La gente que se ha pasado a retiro desde el centro penitenciario de Puente Alto, ¿cuál es la pensión que están sacando? 

En la actualidad no está recibiendo su pensión en un cien por ciento, debido a un recurso de protección que nosotros presentamos por el dictamen de Contraloría que fijo el tope de las jubilaciones.

¿Pero antes del dictamen?

-La realidad es que no superan los 400 a 500 mil pesos, pese a muchos sacaron una carrera profesional entremedio. O sea, las pensiones son magras y más encima todos salimos perjudicados por las abultadas jubilaciones de los altos mandos y directivos, que éticamente es reprochable, apunta Luis Bustamante.

 

BAÑOS Y DUCHAS

 

Ya en reportajes pasados hemos dado a conocer las condiciones de hacinamiento de la cárcel local, la que no solo es usada por los internos, sino que también por sus propios custodios.

“La comodidad para nuestros funcionarios en la cárcel de Puente Alto son precarias. Hay falencias incluso en los servicios higiénicos. No contamos con urinarios suficientes, por ejemplo, contamos con dos para 150 funcionarios y tres duchas.  A eso se suman los 50 funcionarios de la guardia armada, que es el personal que duerme acá y que ejecuta la vigilancia perimetral. Esa es nuestra realidad diaria y es el reflejo de la baja inversión.

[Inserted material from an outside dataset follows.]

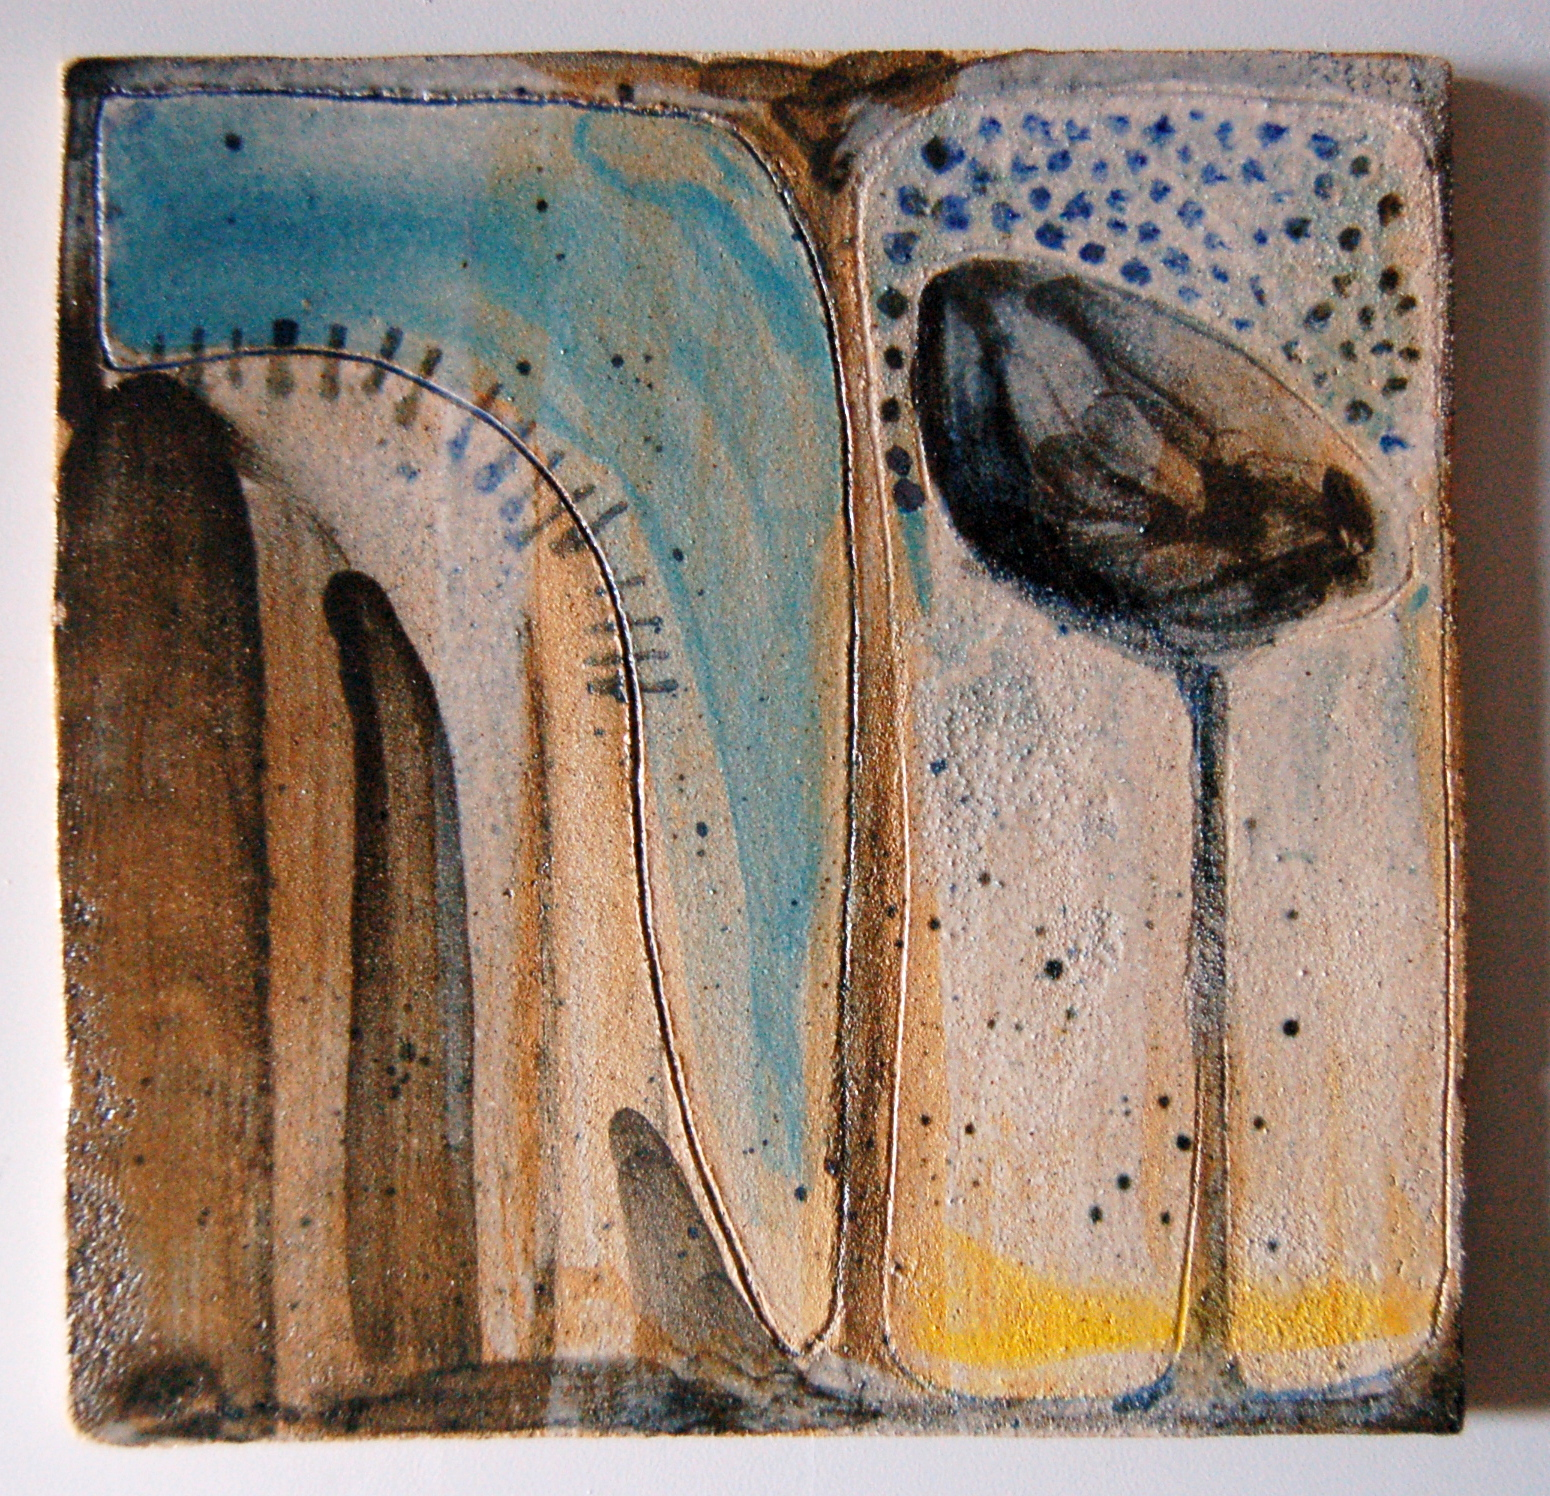 Pintar en cerámica

Hemos sido la puerta chica del Estado. Somos el patio trasero. No se legisla a favor de los funcionarios”, recalca Luis Bustamante.

¿Se ha invertido en los últimos años en mejorar los espacios del personal?

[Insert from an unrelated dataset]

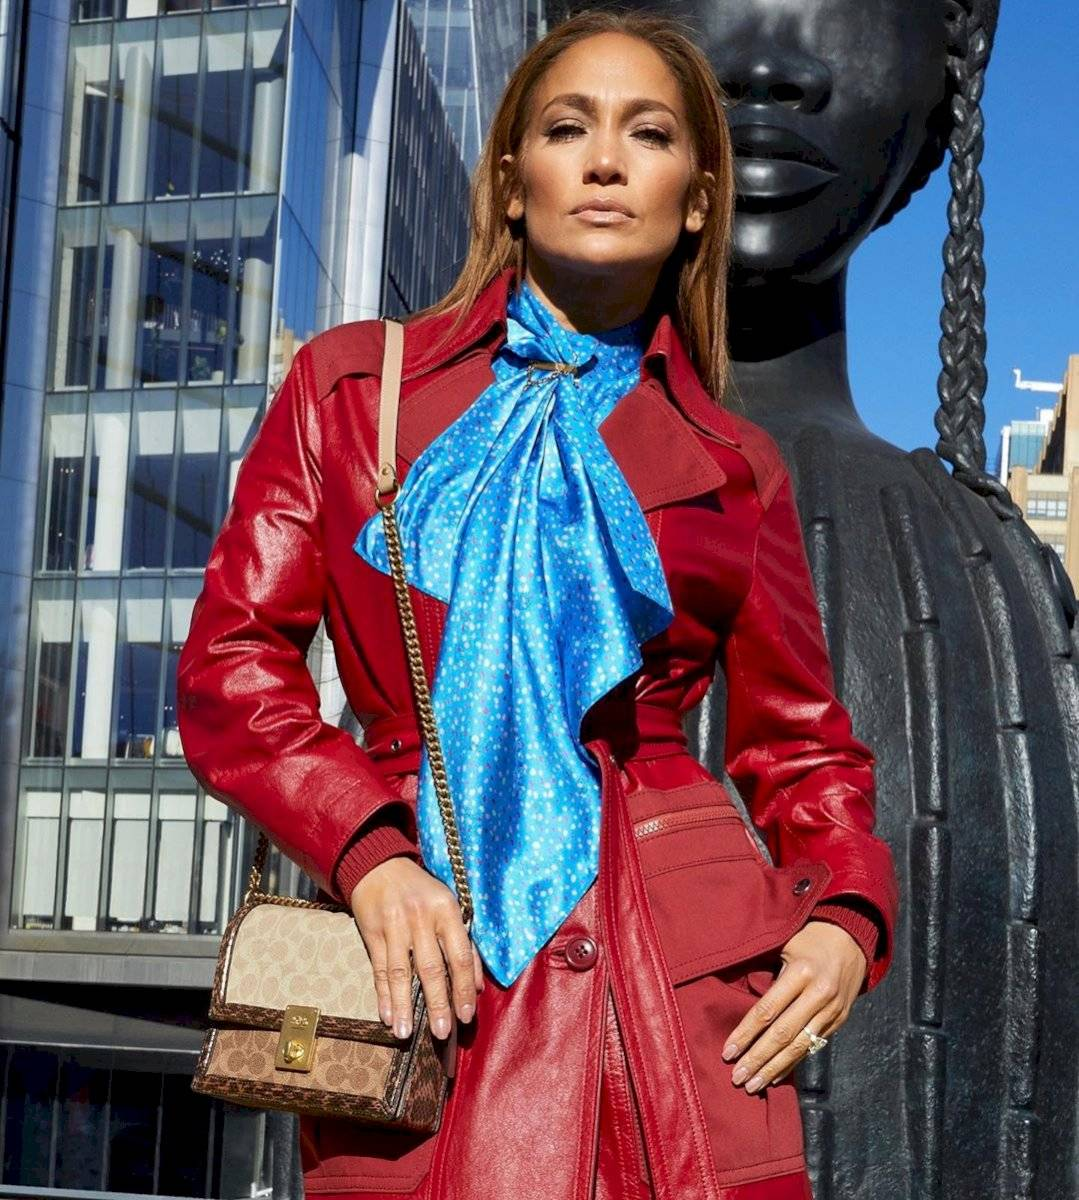 Jennifer Lopez impacta en New York con unos outfits de lujo

– Se hizo una solicitud de mejoramiento para las instalaciones del personal, pero siempre Gendarmería se vuelca hacia la población penal. Los ingresos y los proyectos son para los reos, que está bien, pero para nosotros no llegan. Estamos en un sector extremo de Santiago y no contamos con ambulancias. Tenemos un carro y con ello cubrimos todas las necesidades de la comunidad A veces usamos vehículos particulares.

 

La infraestructura de nuestro recinto es frágil. Tenemos agua servida cayendo al mismo casino. Esa es la realidad de Gendarmería, nosotros exponemos la vida, incluso, pero no nos sentimos escuchados, comenta en presidente provincial de la ANFUP.

¿Qué pasó con las últimas lluvias?

-Se realizaron trabajos parches que hizo una empresa y se filtró agua lluvia. Los funcionarios tuvieron que instalar nylon para impedir que pase el agua. No hay calefacción para las garitas del personal y con recursos propios se tienen calefactores eléctricos. Los guardias hacen vigilancia con menos 2 grados bajo cero.

¿Van a endurecer este proceso?  

-Hasta el momento el ministro de Justicia no ha tenido ninguna disposición hacia nosotros y no descartamos escalar esta movilización.

Estamos en época electoral, ¿han tenido contacto con precandidatos presidenciales? 

Nuestros dirigentes nacionales nos han dicho que desde distintos comandos políticos han pedido un acercamiento y diálogo por la problemática del servicio. A mi juicio -dice Luis Bustamante- eso es populismo. Esto no debe ser abordado en un periodo especial electoral. Nosotros no somos tontos. Los funcionarios son instruidos y ante cualquier eventualidad se harán presentes en las urnas a ejercer su derecho. Todos los gobiernos de turno no nos han escuchado.

Nuestra labor no ha sido valorada como se merece.